[TRY IT] Nothing but the pictures should be dropped; repeat the rest of the data below exactly.

[DATA SECTION]
"""

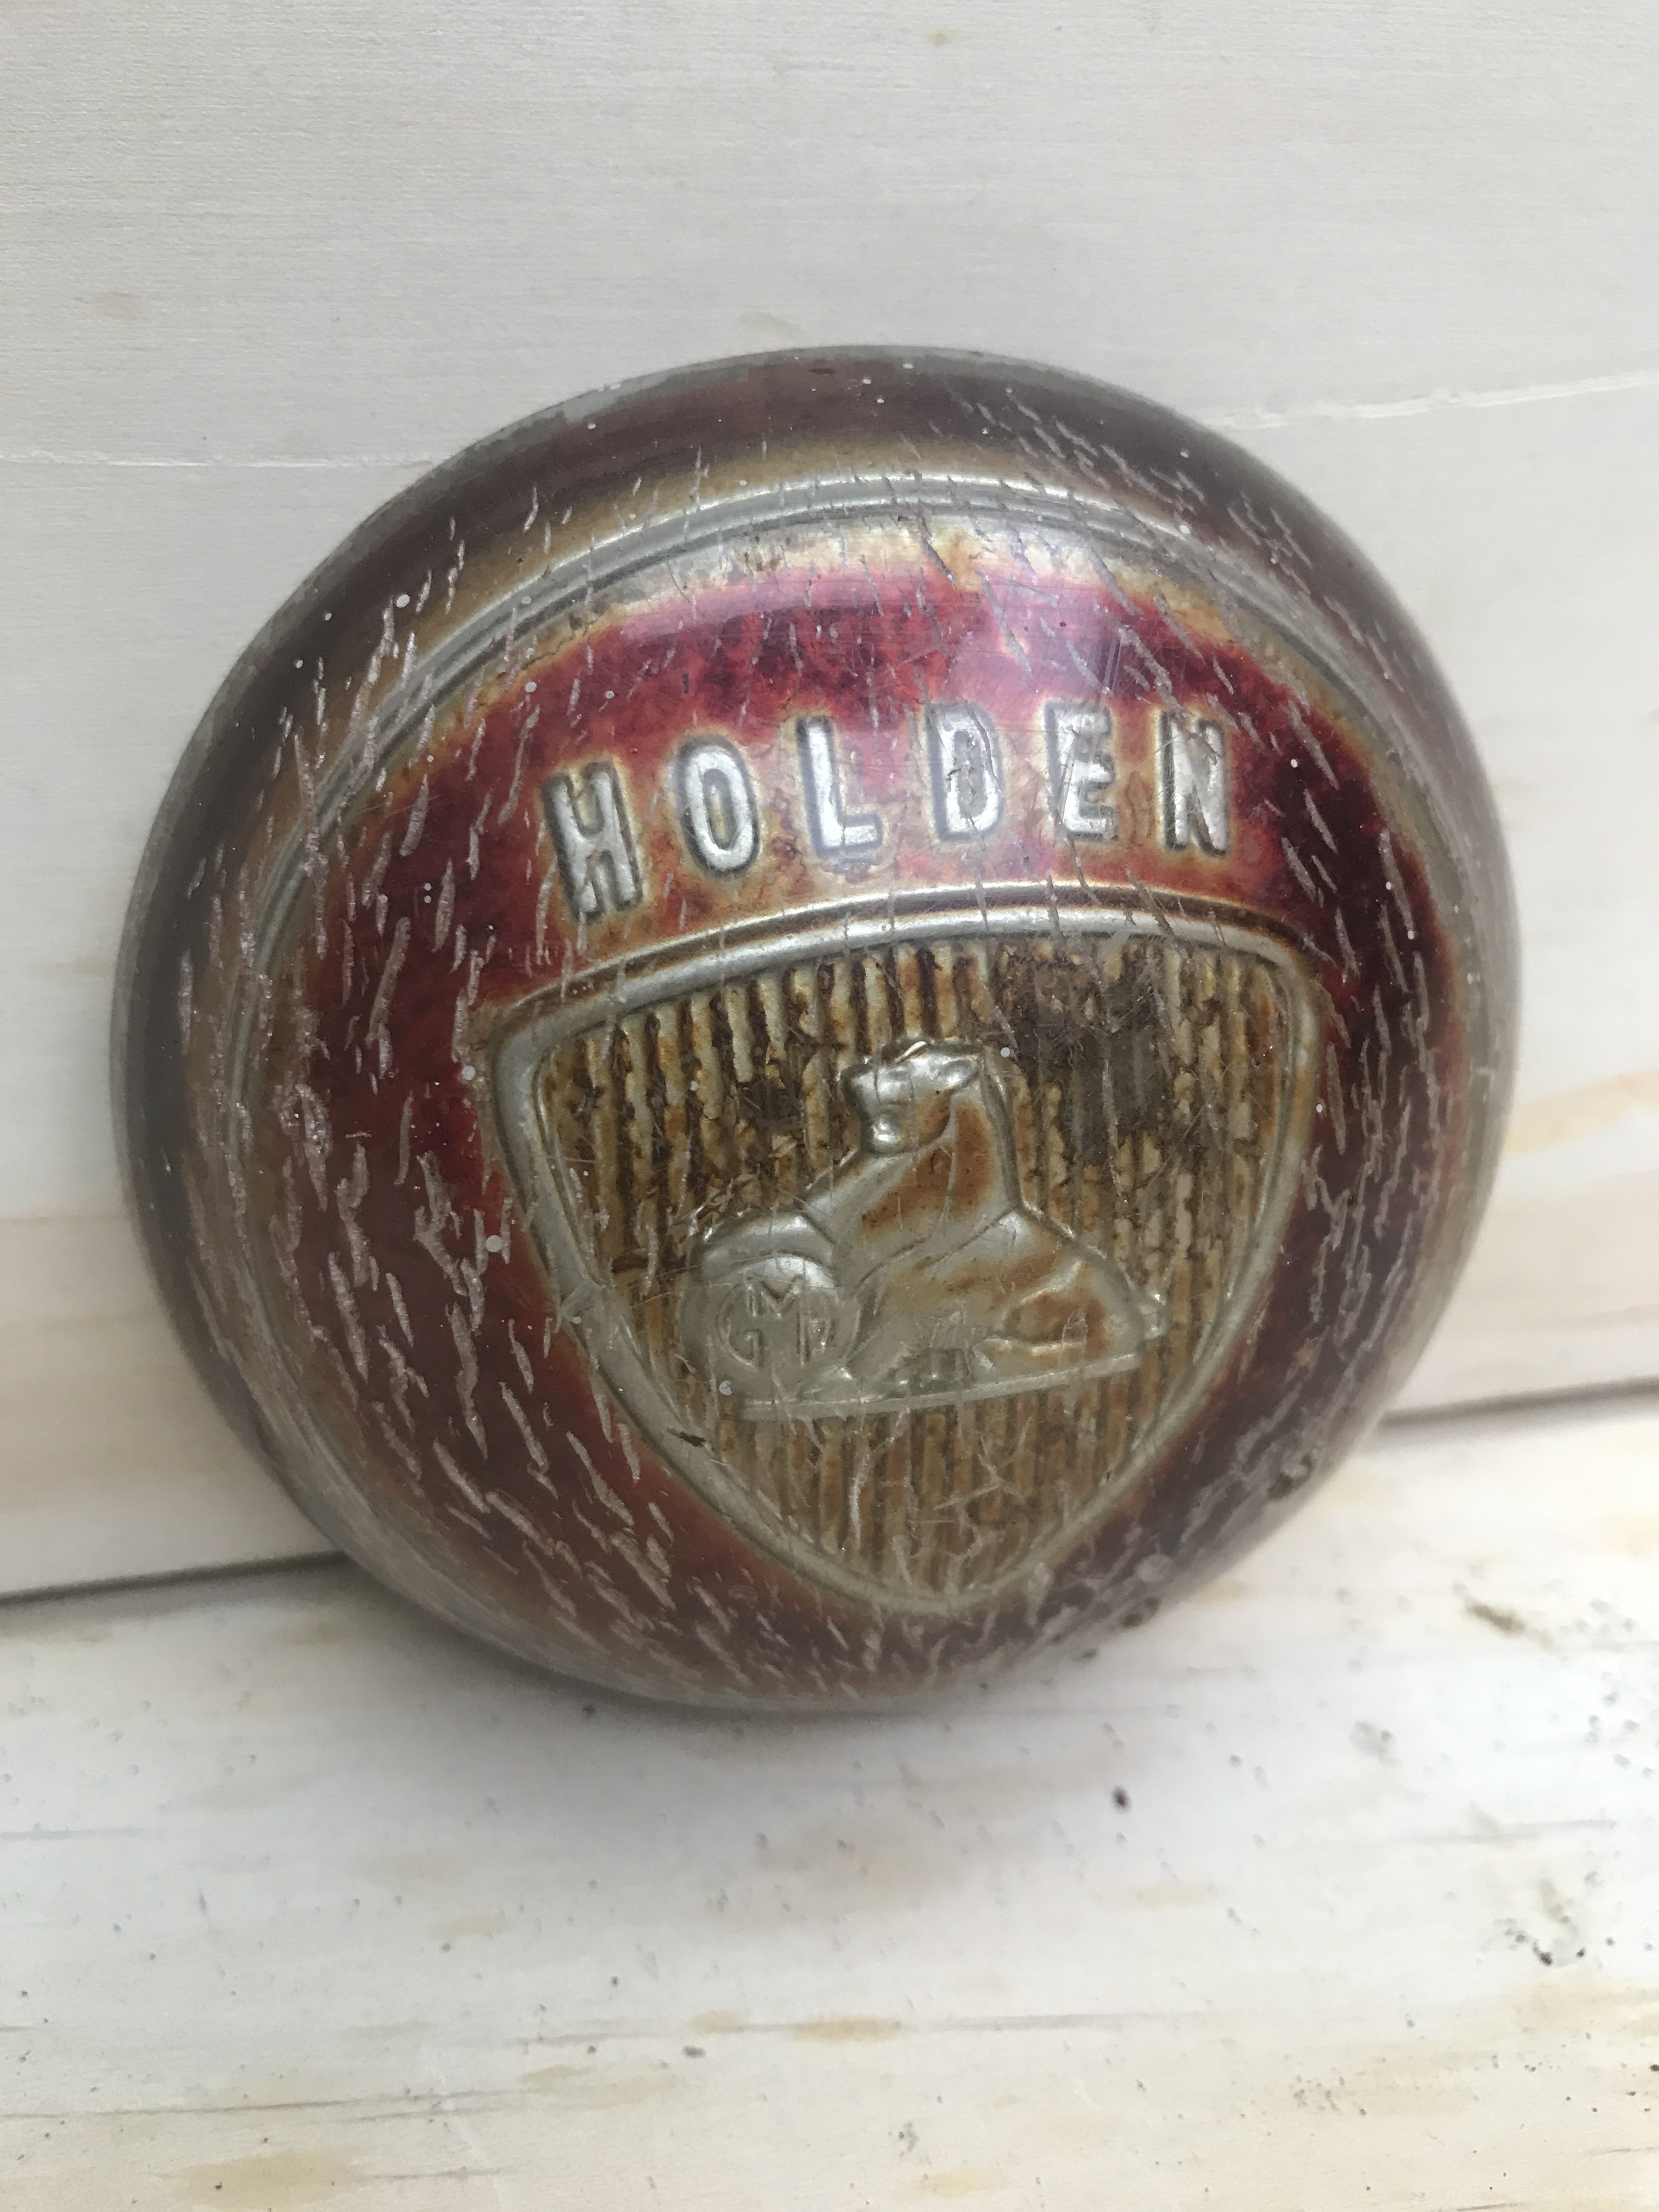 Used FC Holden horn cap
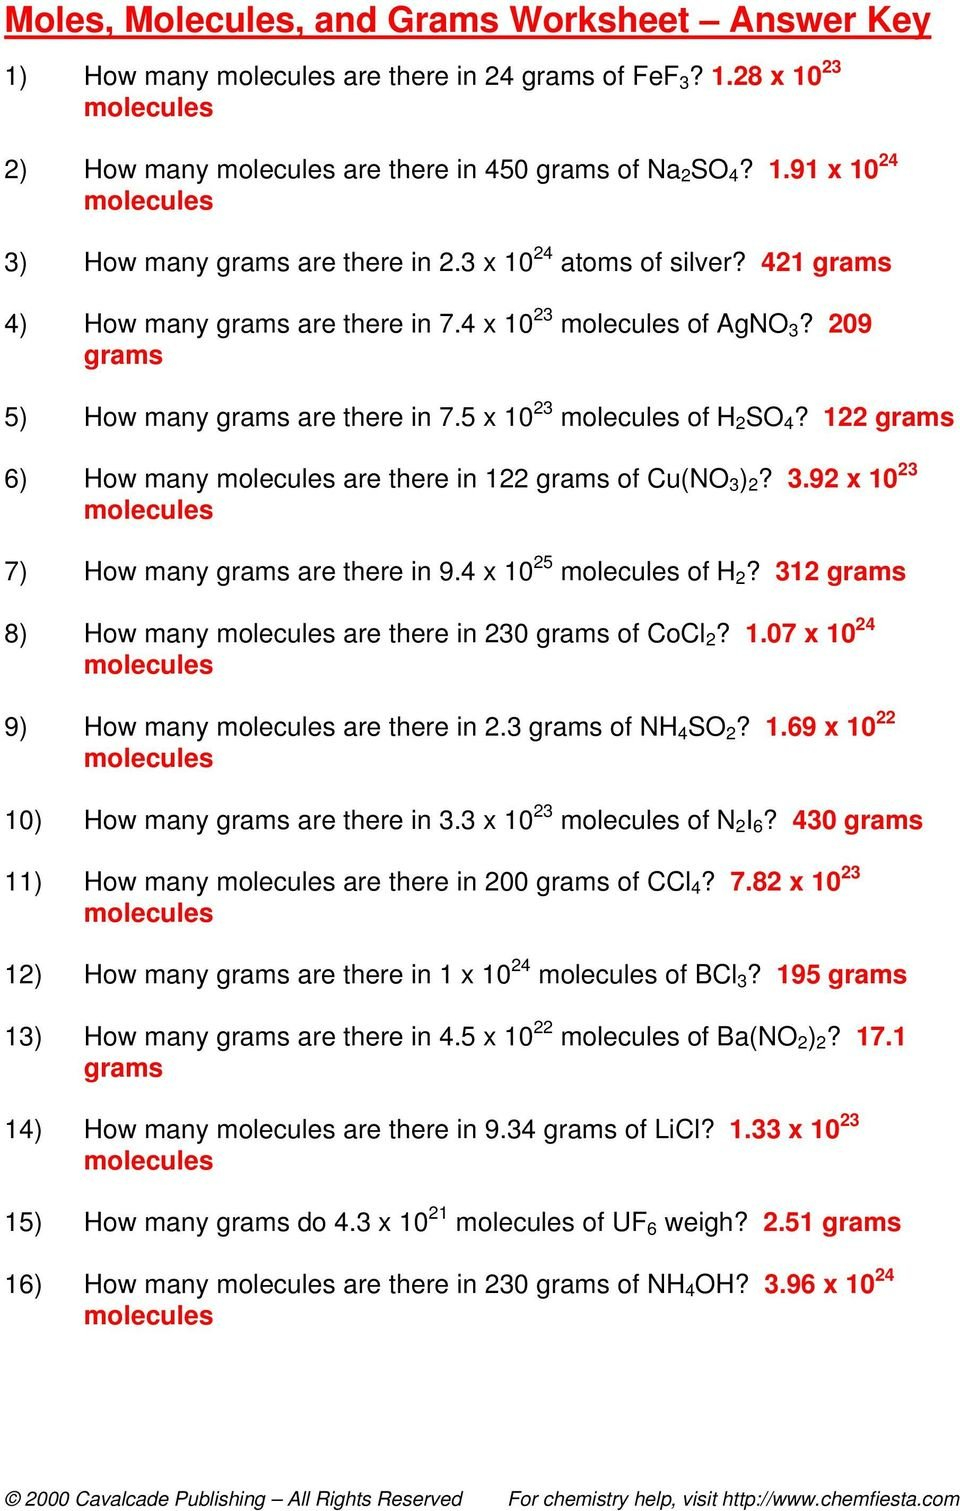 Moles Molecules And Grams Worksheet  Newatvs Along With Moles Molecules And Grams Worksheet Answers
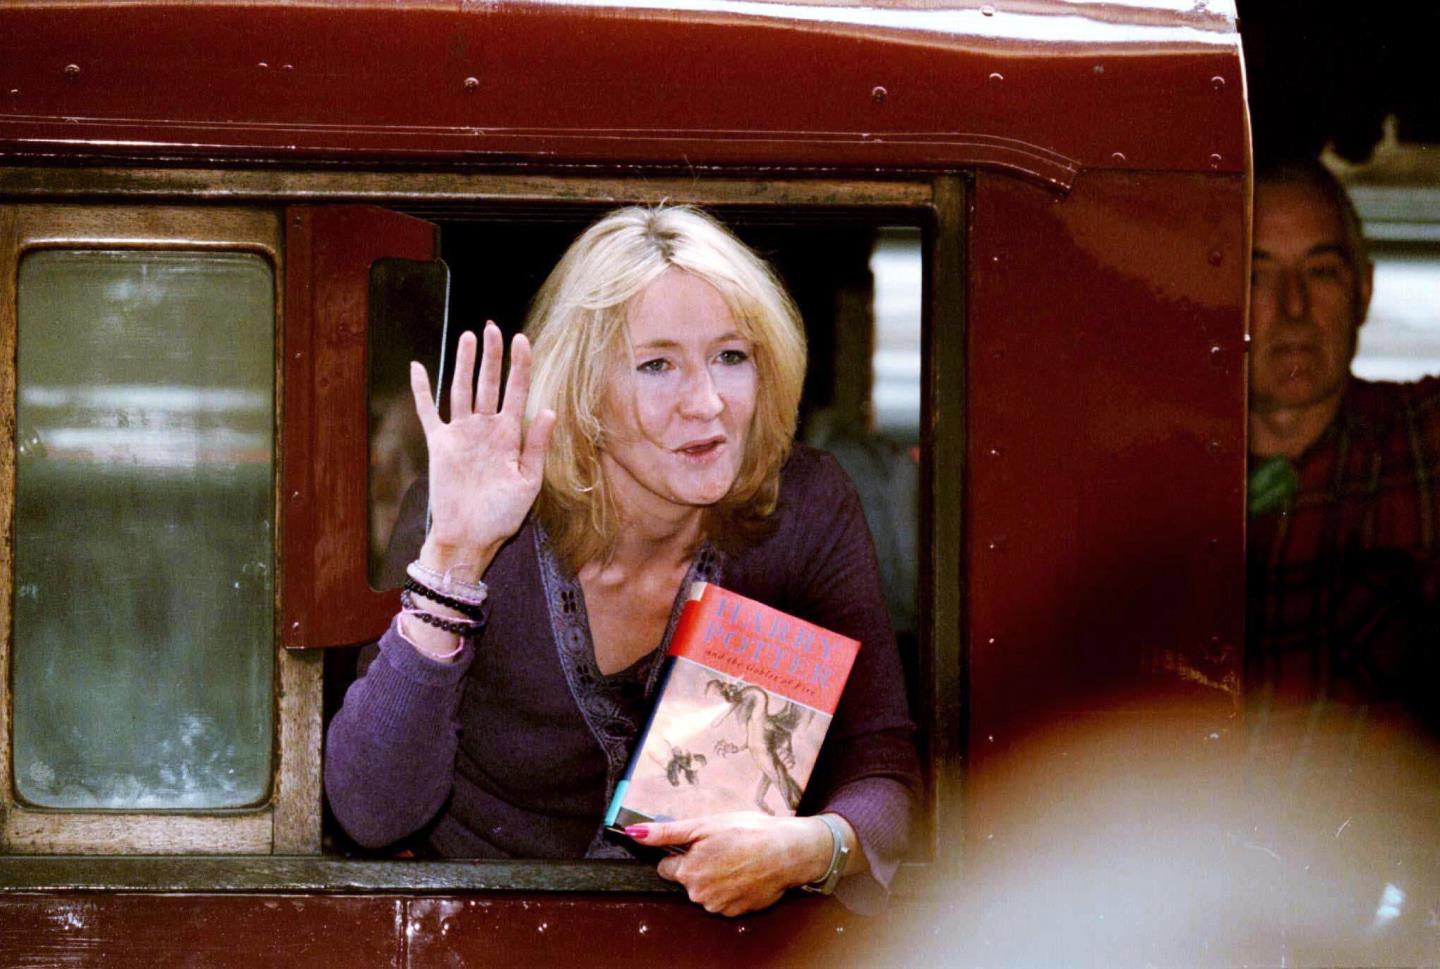 JK Rowling on a train.

"""

[RESULT OF THIS TASK]
 Used FC Holden horn cap
 Moles Molecules And Grams Worksheet  Newatvs Along With Moles Molecules And Grams Worksheet Answers
 JK Rowling on a train.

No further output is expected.